Exercise input –
>>>

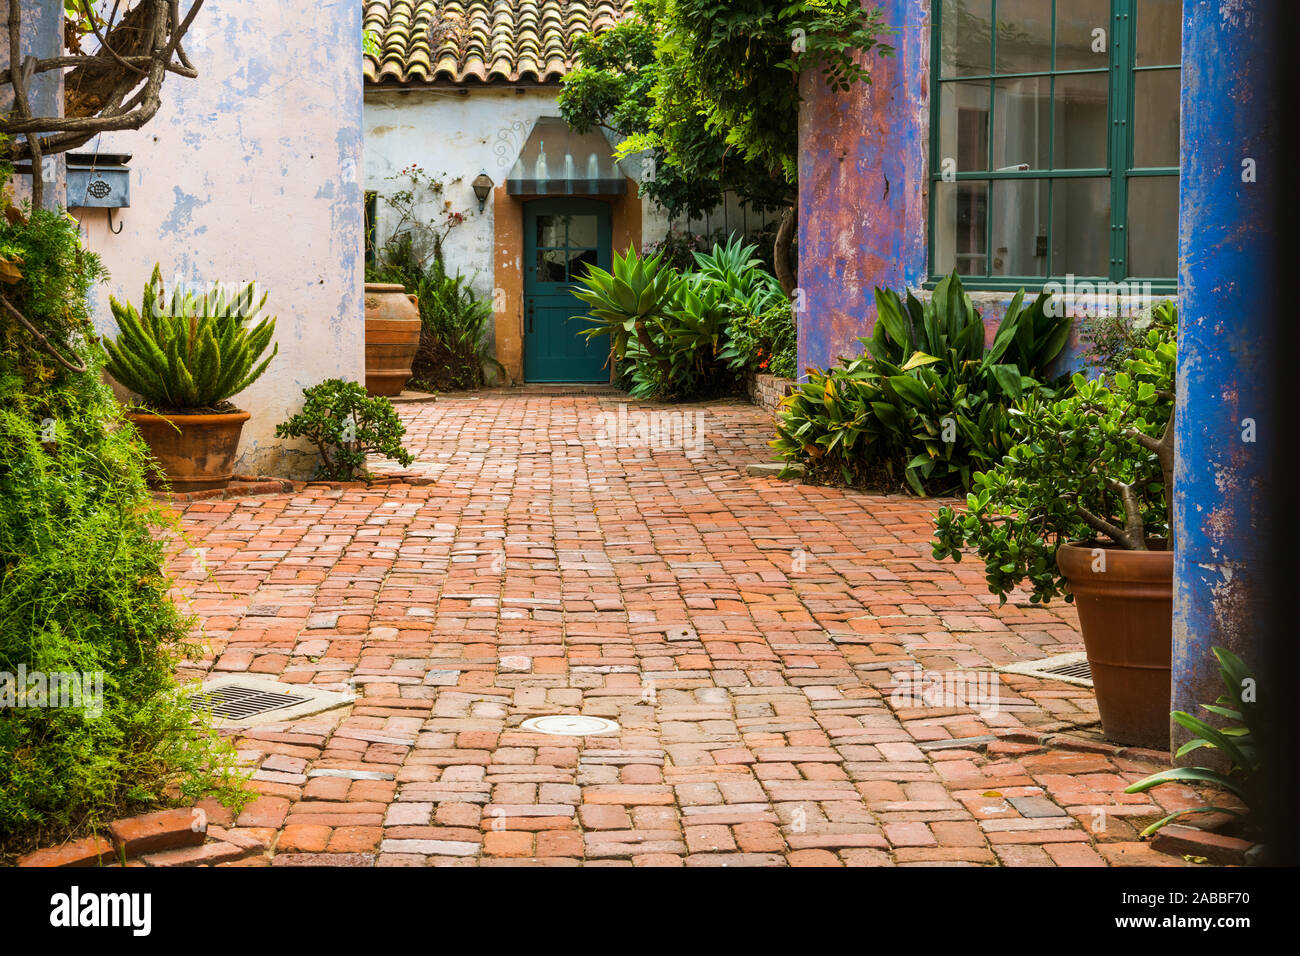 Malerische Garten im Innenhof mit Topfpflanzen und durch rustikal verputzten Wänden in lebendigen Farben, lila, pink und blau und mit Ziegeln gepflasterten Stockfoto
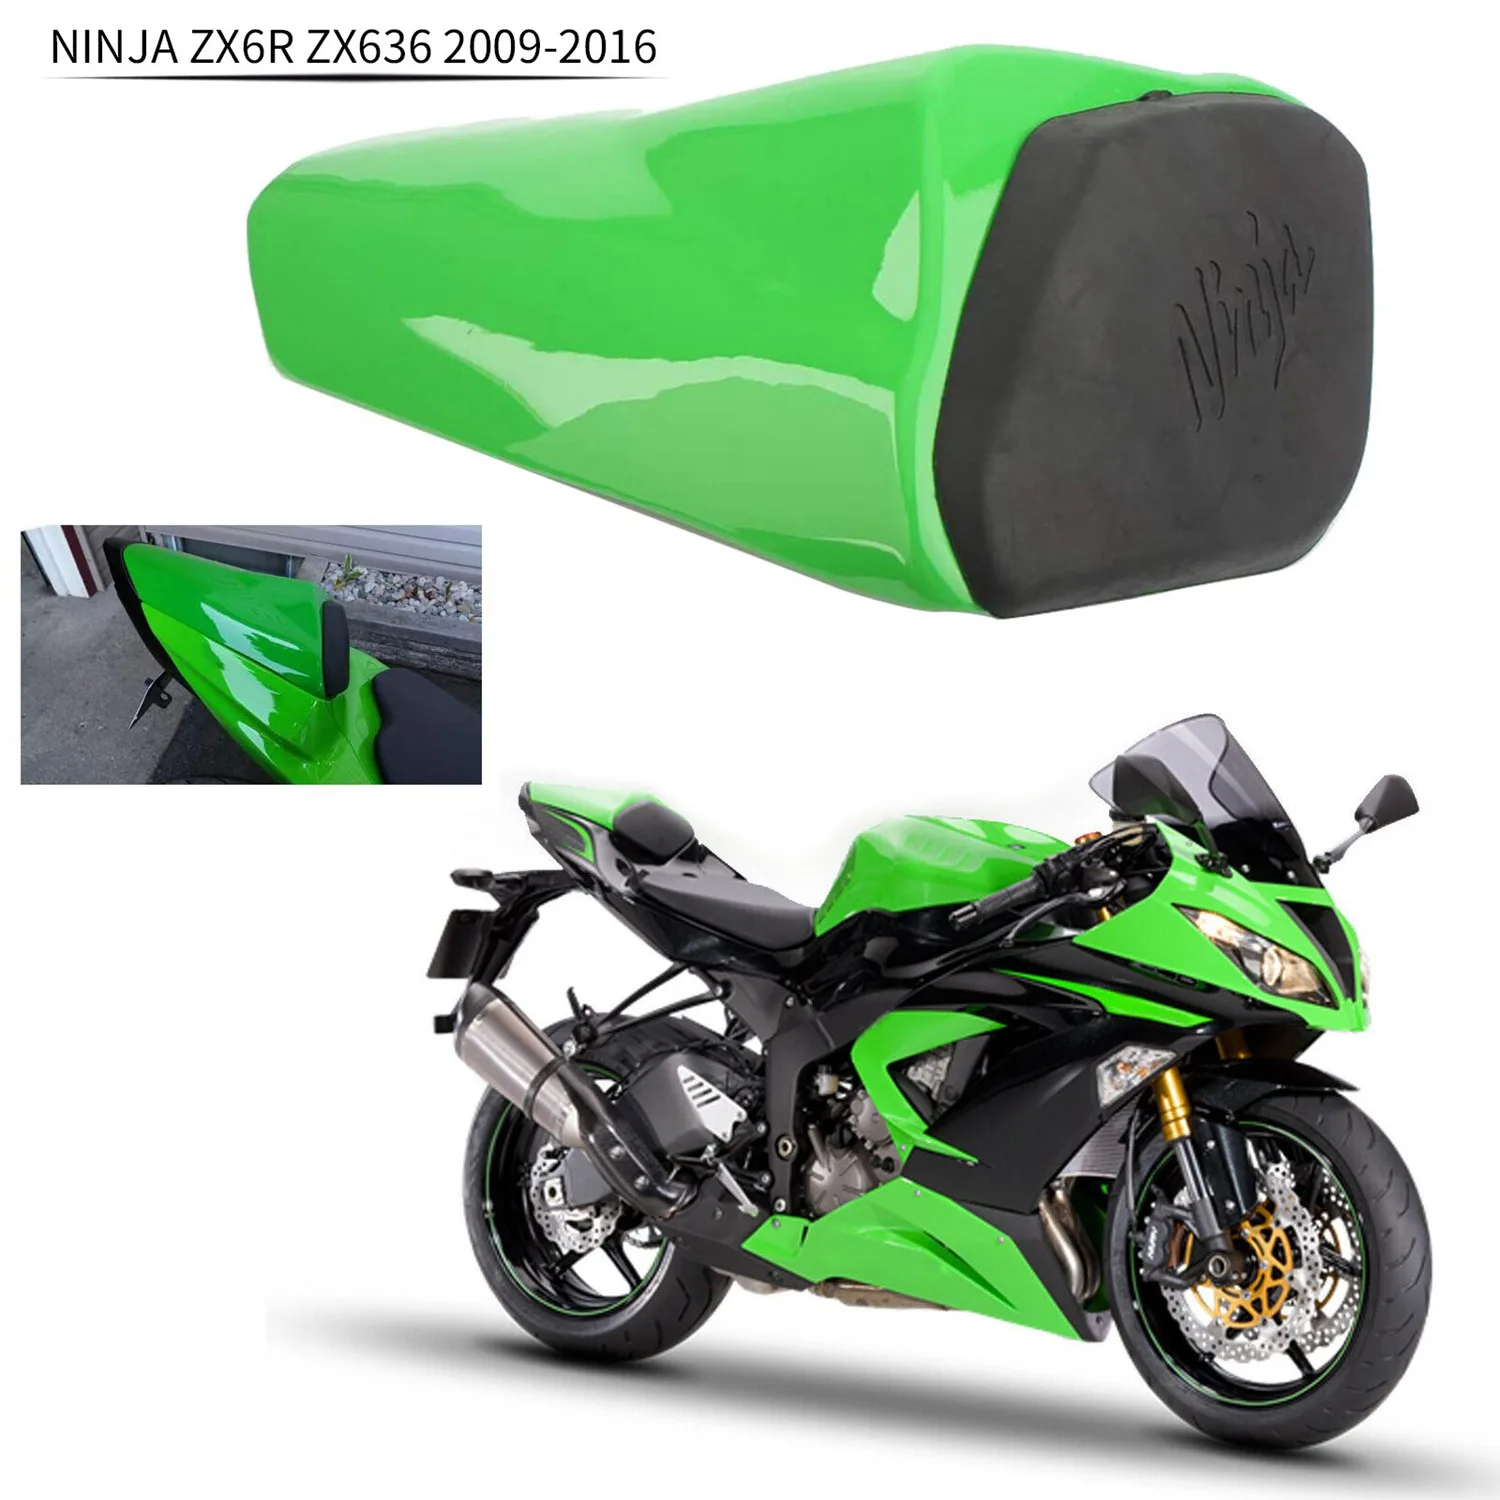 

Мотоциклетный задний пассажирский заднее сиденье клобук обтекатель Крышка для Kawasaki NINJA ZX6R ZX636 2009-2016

<<<
>>>

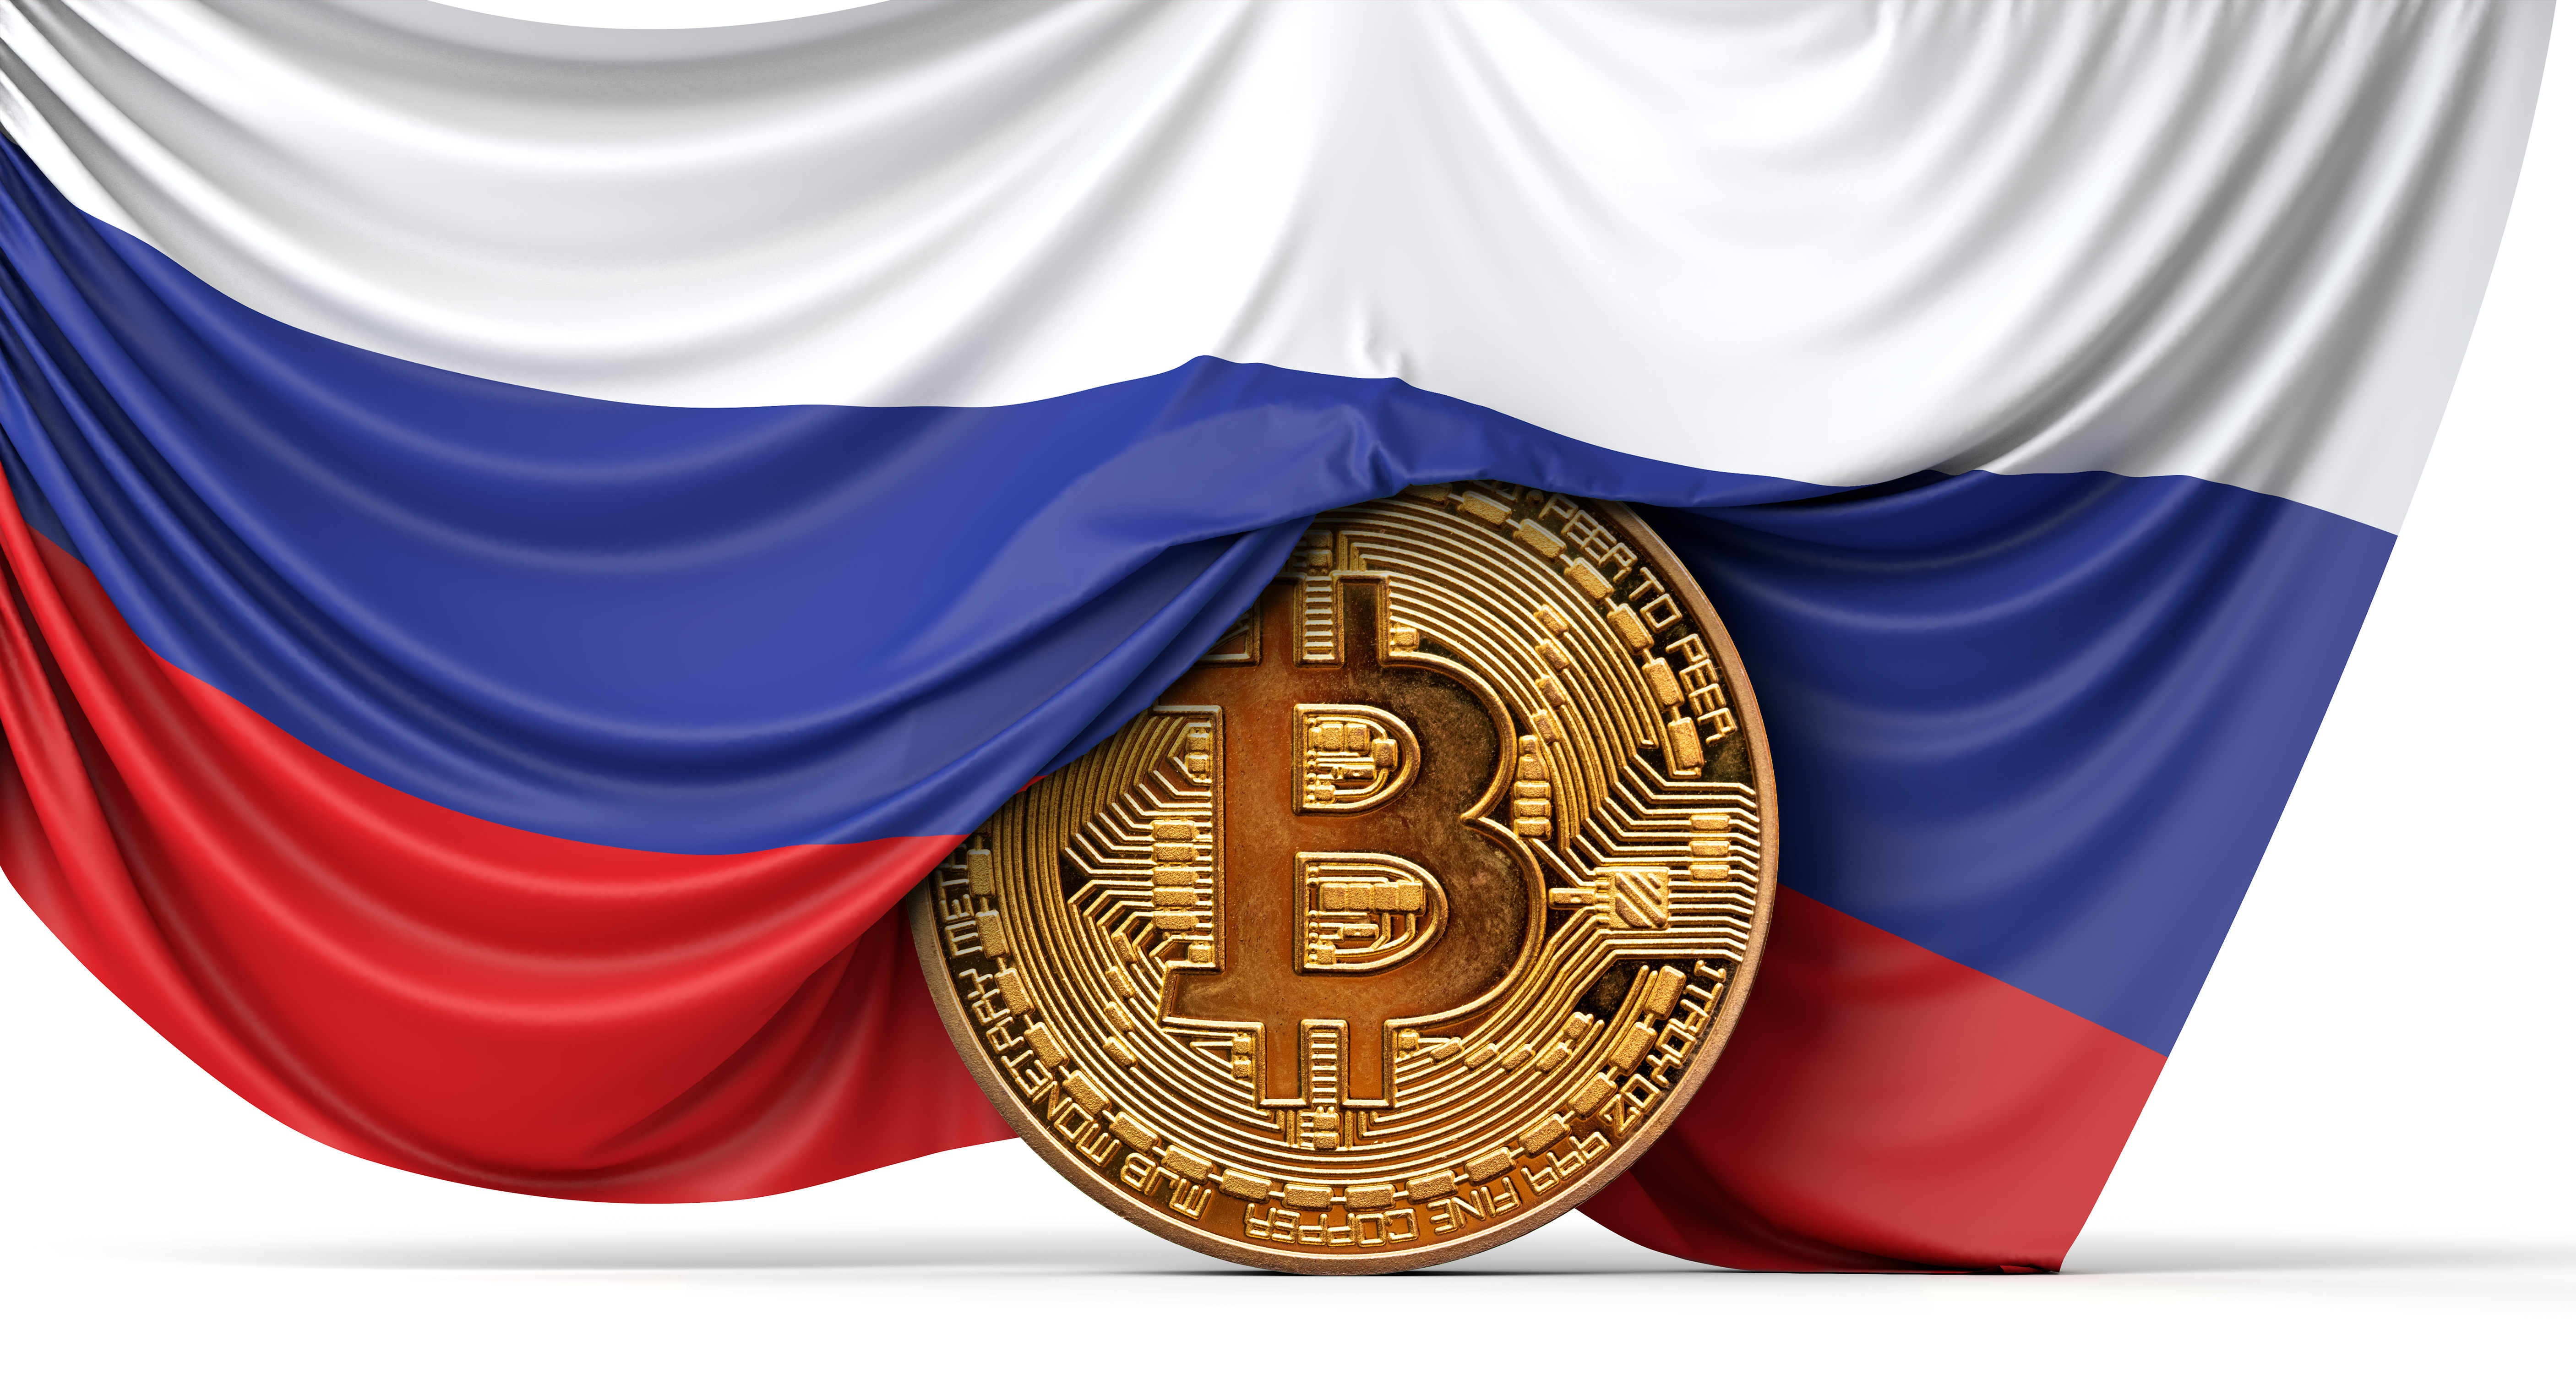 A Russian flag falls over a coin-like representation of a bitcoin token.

<<<

Task prompt –
Output only the lines above from the one containing "Malerische Garten im" to the one containing "Мотоциклетный задний пассажирский", both included, exactly as written and with no pictures.

The completed task –
 Malerische Garten im Innenhof mit Topfpflanzen und durch rustikal verputzten Wänden in lebendigen Farben, lila, pink und blau und mit Ziegeln gepflasterten Stockfoto

Мотоциклетный задний пассажирский заднее сиденье клобук обтекатель Крышка для Kawasaki NINJA ZX6R ZX636 2009-2016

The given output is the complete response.